Writing distributed programs with Python + Hadoop

Source: Internet
Author: User
Keywords Write can Java pass debug
Tags business business needs cat code command-line arguments control cutting data

What is Hadoop?

Google proposes a programming model for its business needs MapReduce and Distributed file systems Google File system, and publishes relevant papers (available on Google Research's web site: GFS, MapReduce). Doug Cutting and Mike Cafarella the two papers when they developed the search engine Nutch, the MapReduce and HDFs of the same name, together with Hadoop.

MapReduce's data flow is shown in the following figure, the original is processed by mapper, then partition and sort, arrives reducer, outputs the final result.


Pictures from hadoop:the Definitive Guide

The principle of Hadoop streaming

Hadoop itself is developed in Java, and programs need to be written in Java, but with Hadoop streaming, we can write programs in any language to allow Hadoop to run.

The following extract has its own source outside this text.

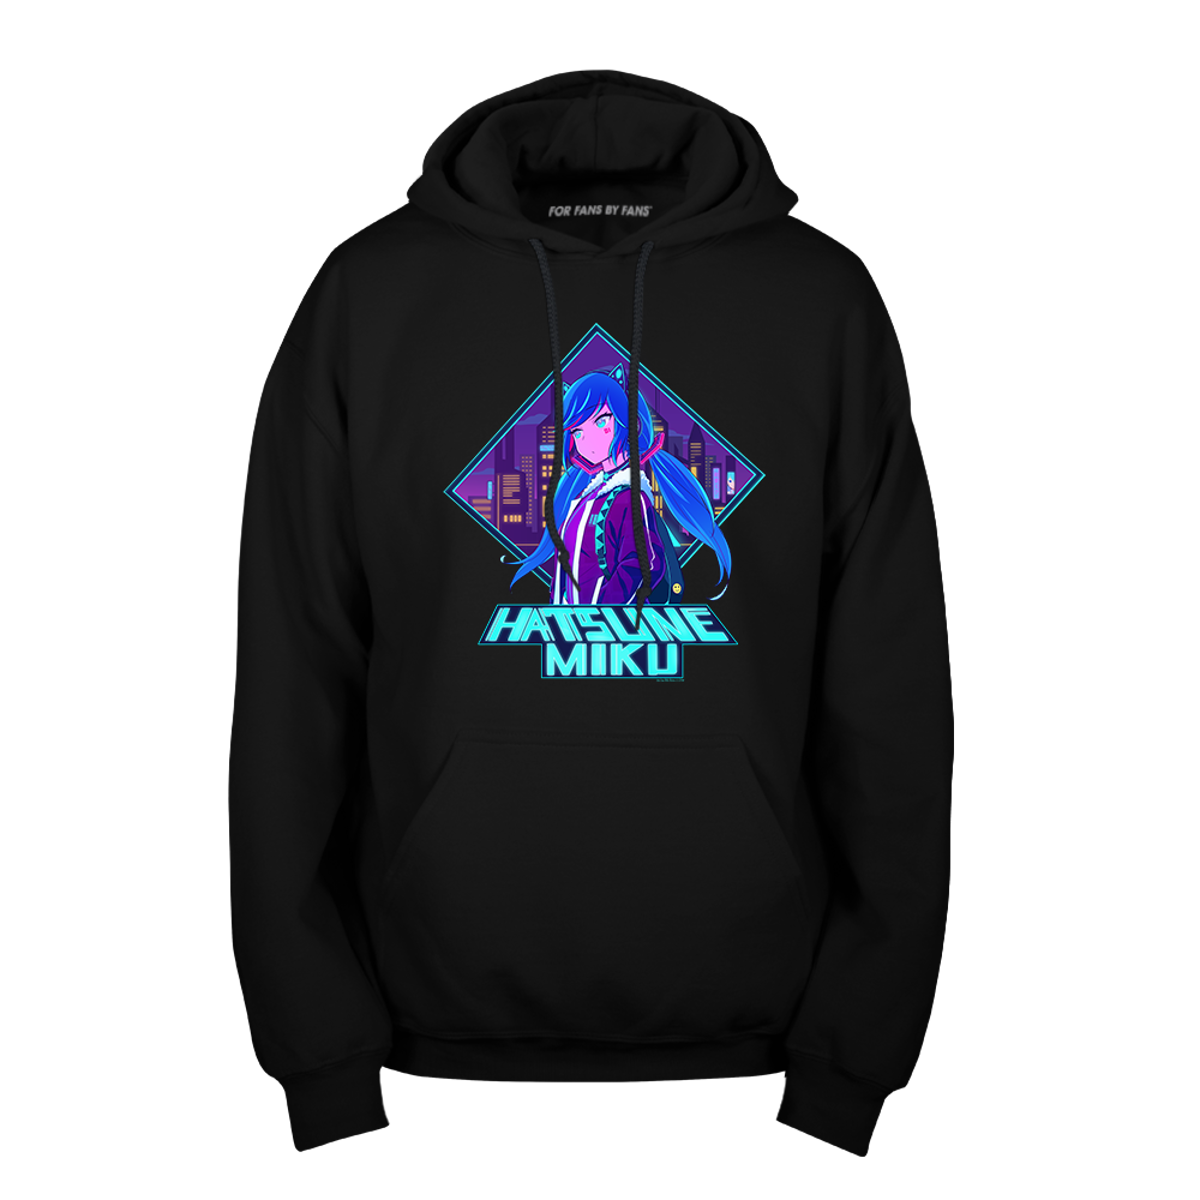 Double Life Pullover Hoodie

The relevant source code for the Hadoop streaming can be viewed in the GitHub repo of Hadoop. In simple terms, this Java program is responsible for creating Mr Jobs by passing parameters to a written Java program (the *-Streaming.jar of Hadoop) by mapper and reducer written in other languages. Another process to run the mapper, the resulting input through stdin to it, and then mapper processed after the output to the STDOUT data to hadoop,partition and sort, and then open the process to run reducer, the same way through stdin/ StdOut get the final result. Therefore, we only need to write in other languages in the program, through stdin to receive data, and then the processed data output to Stdout,hadoop streaming through this Java wrappers help us solve the tedious steps in the middle, run distributed programs.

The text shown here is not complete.